EXTRACTED INFORMATION

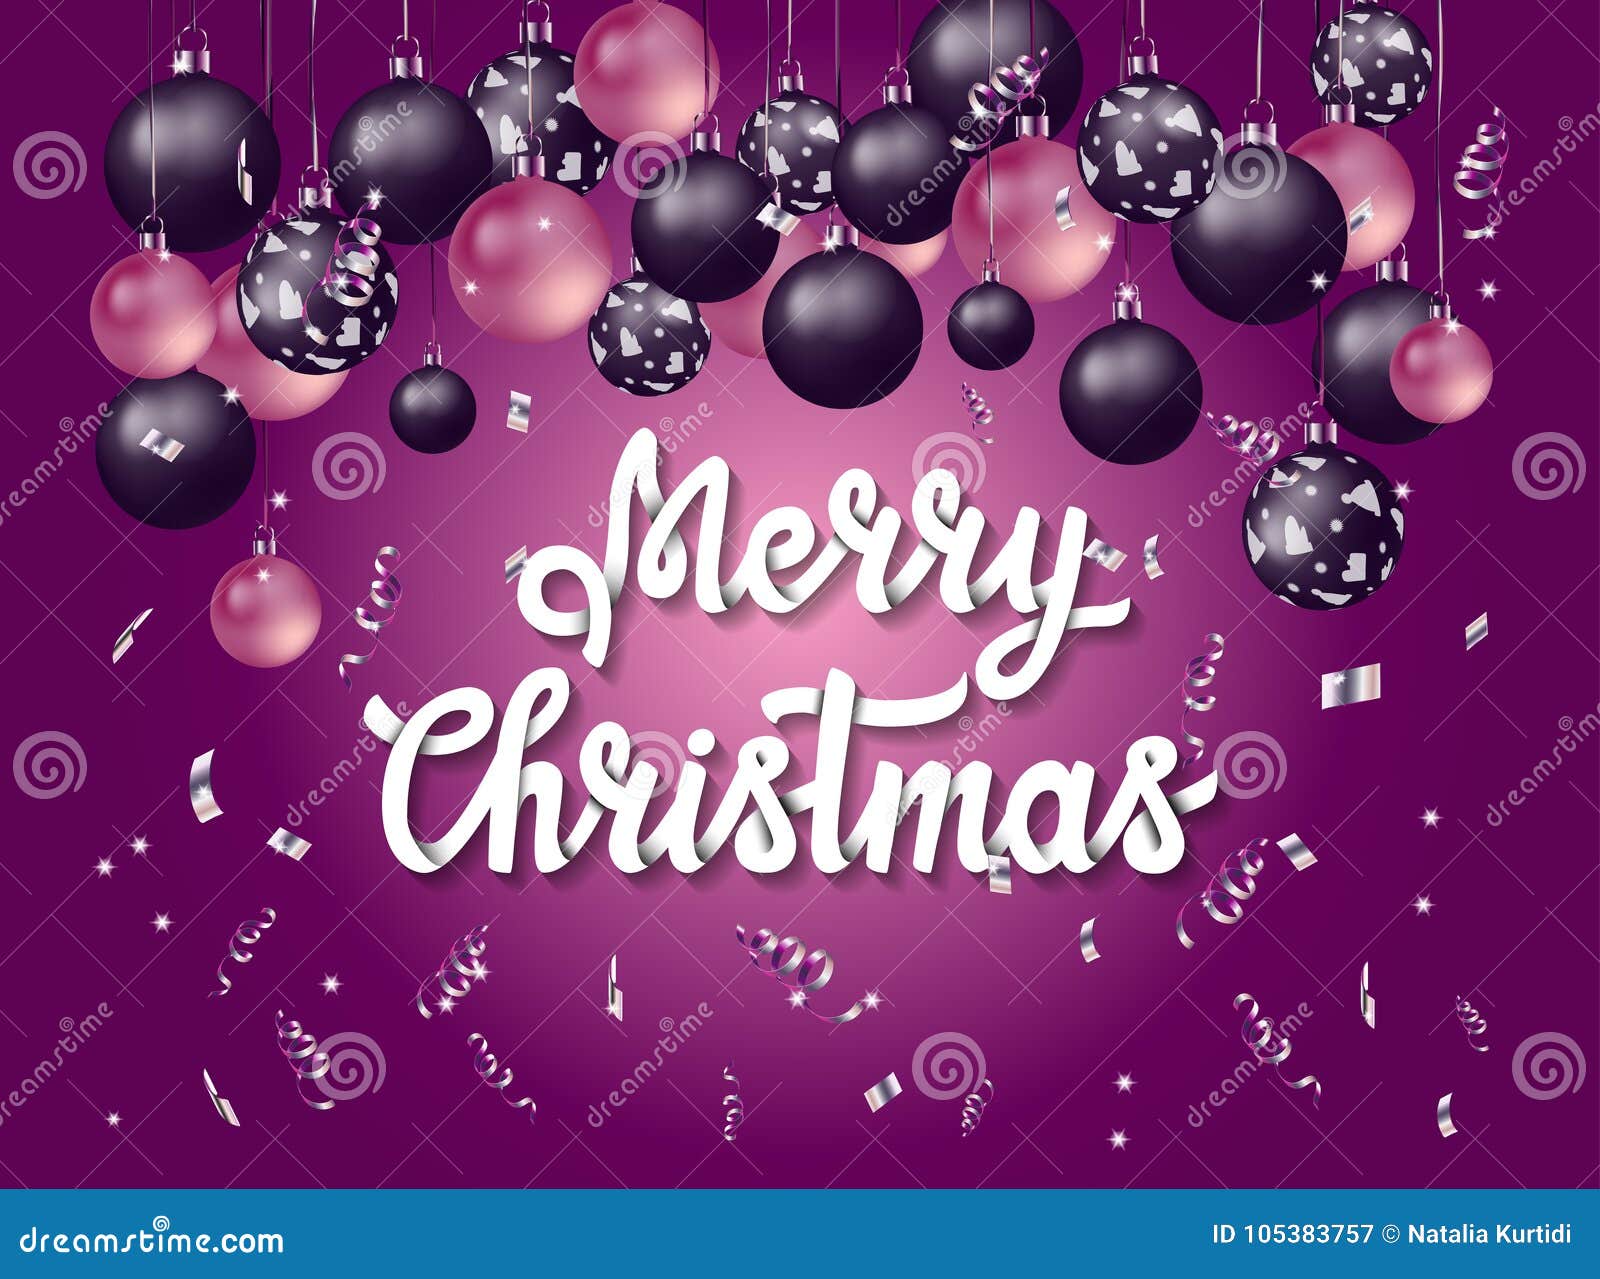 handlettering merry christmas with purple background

--

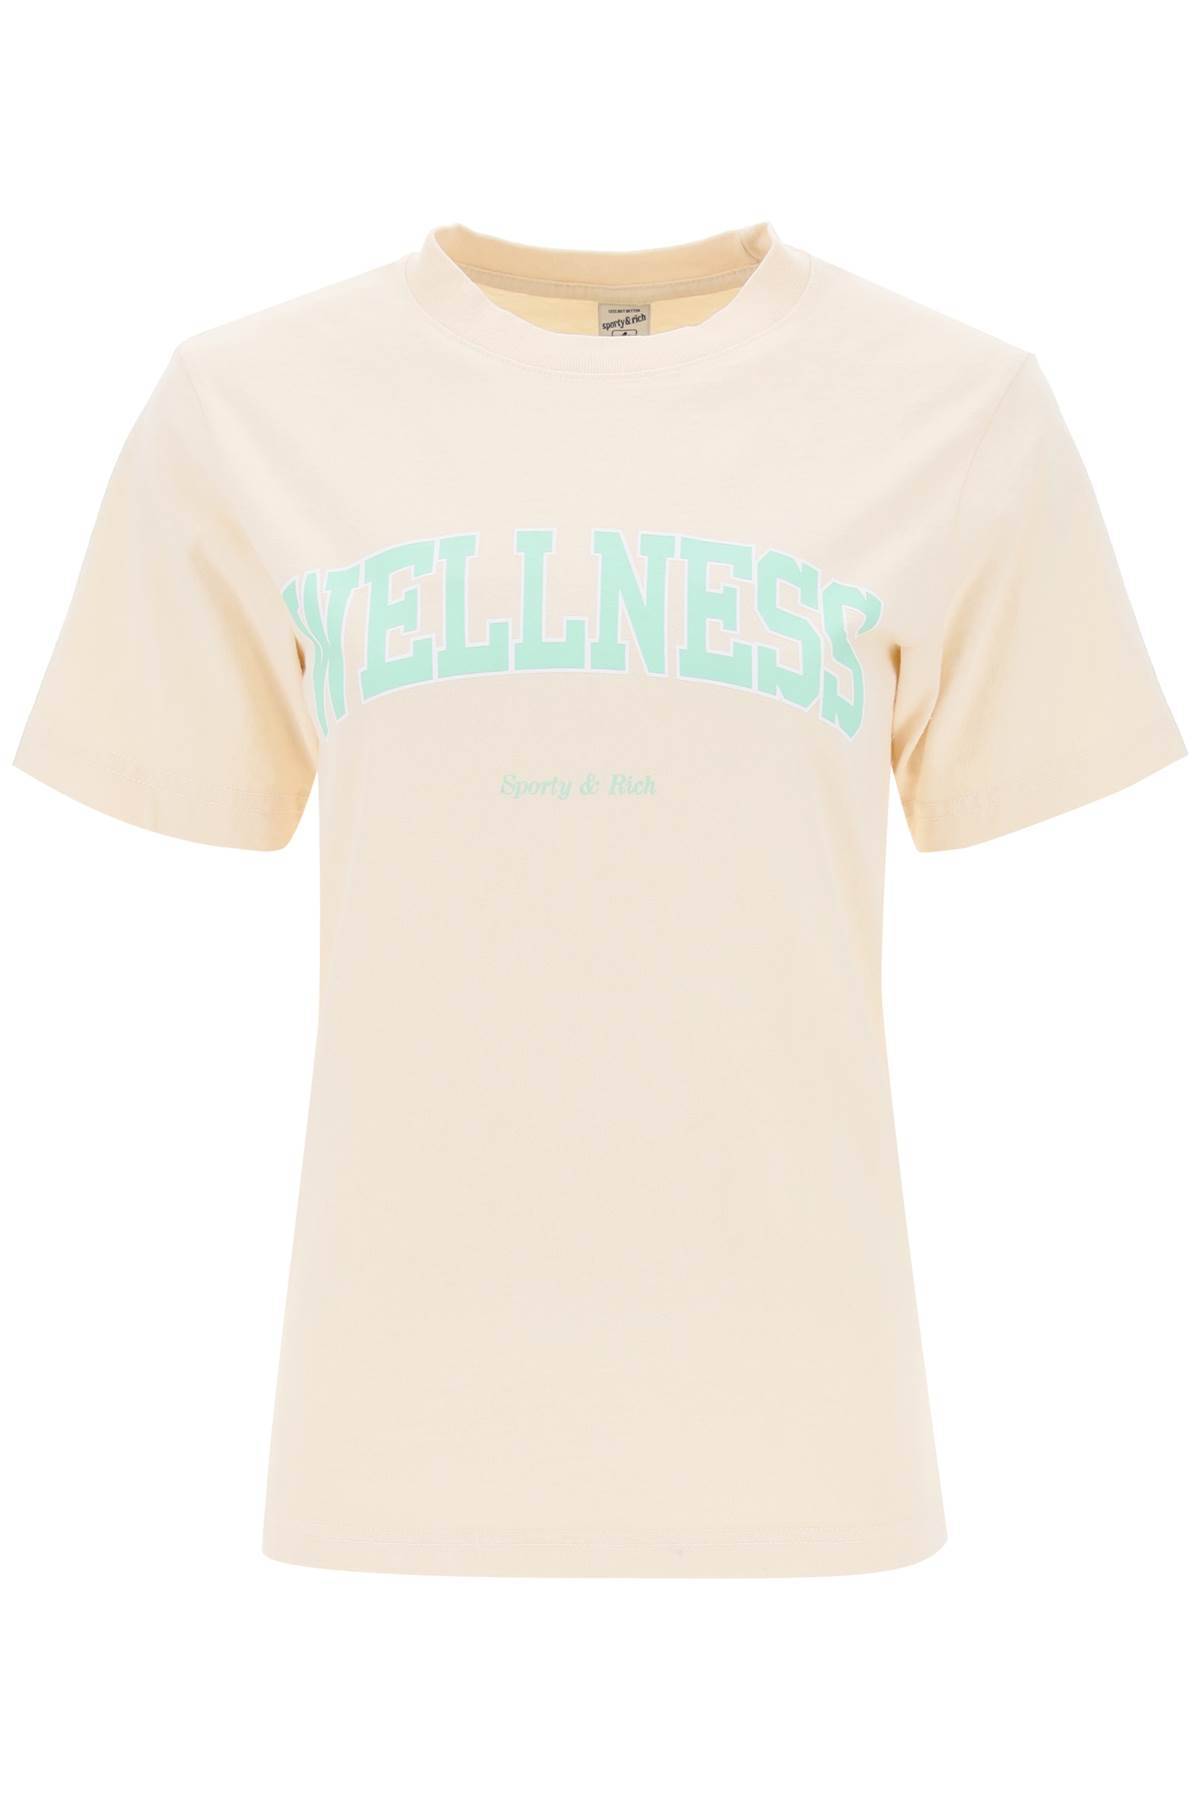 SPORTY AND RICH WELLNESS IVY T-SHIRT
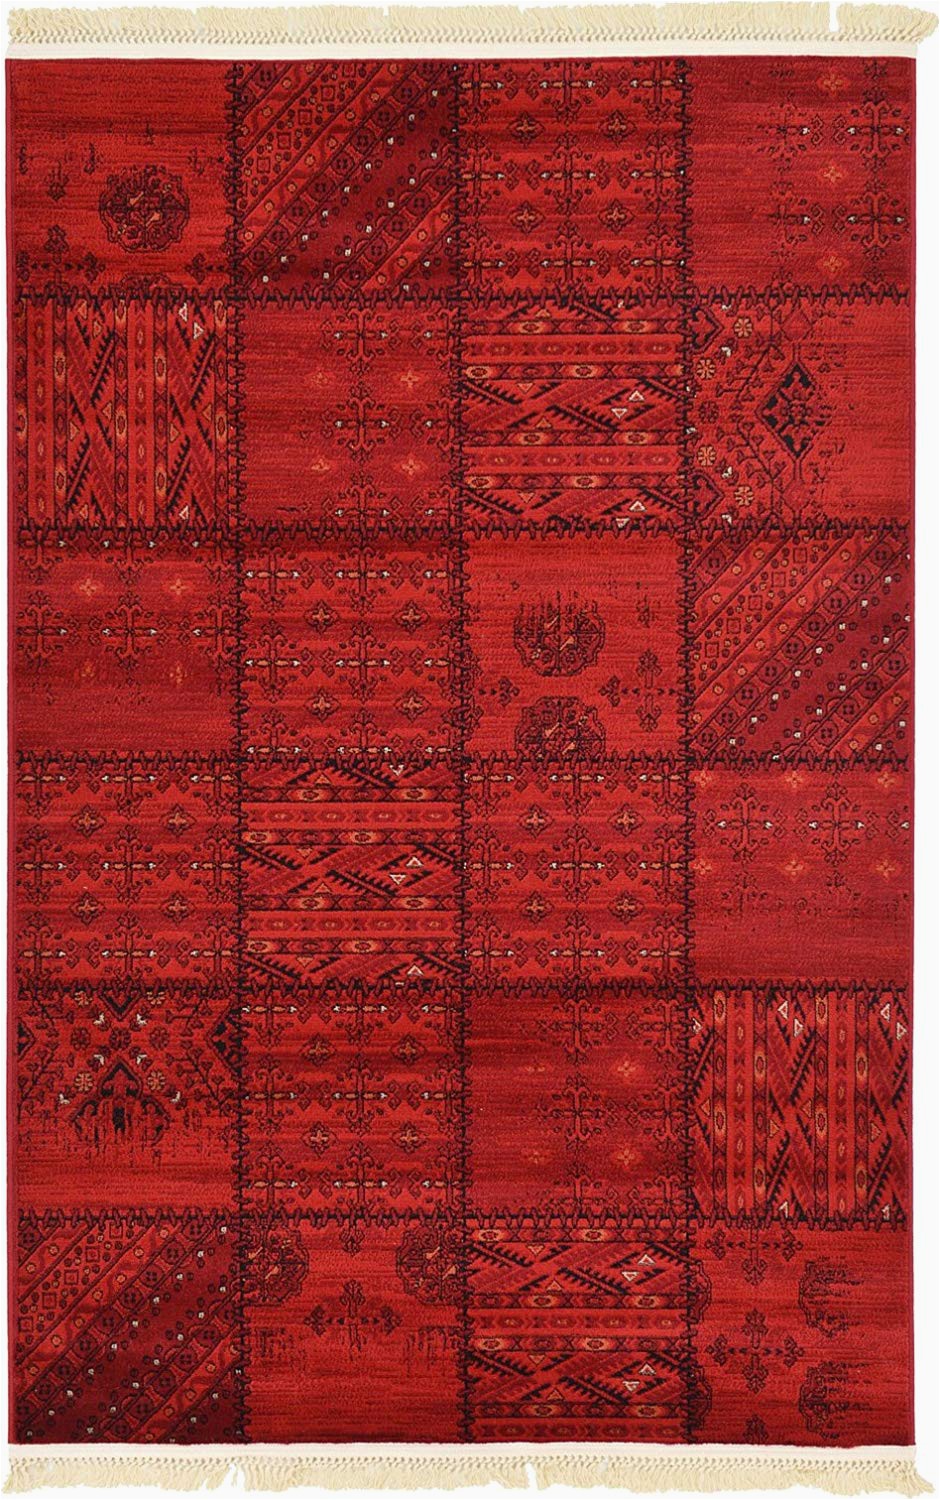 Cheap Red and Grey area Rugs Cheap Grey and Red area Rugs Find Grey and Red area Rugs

TASK ITEM
A verbatim reproduction is expected: starting at the line above that has "SPORTY AND RICH WELLNESS IVY T-SHIRT", ending at the line that has "Cheap Red and", both included, and with no pictures and no other lines.

EXERCISE RESPONSE
 SPORTY AND RICH WELLNESS IVY T-SHIRT
 Cheap Red and Grey area Rugs Cheap Grey and Red area Rugs Find Grey and Red area Rugs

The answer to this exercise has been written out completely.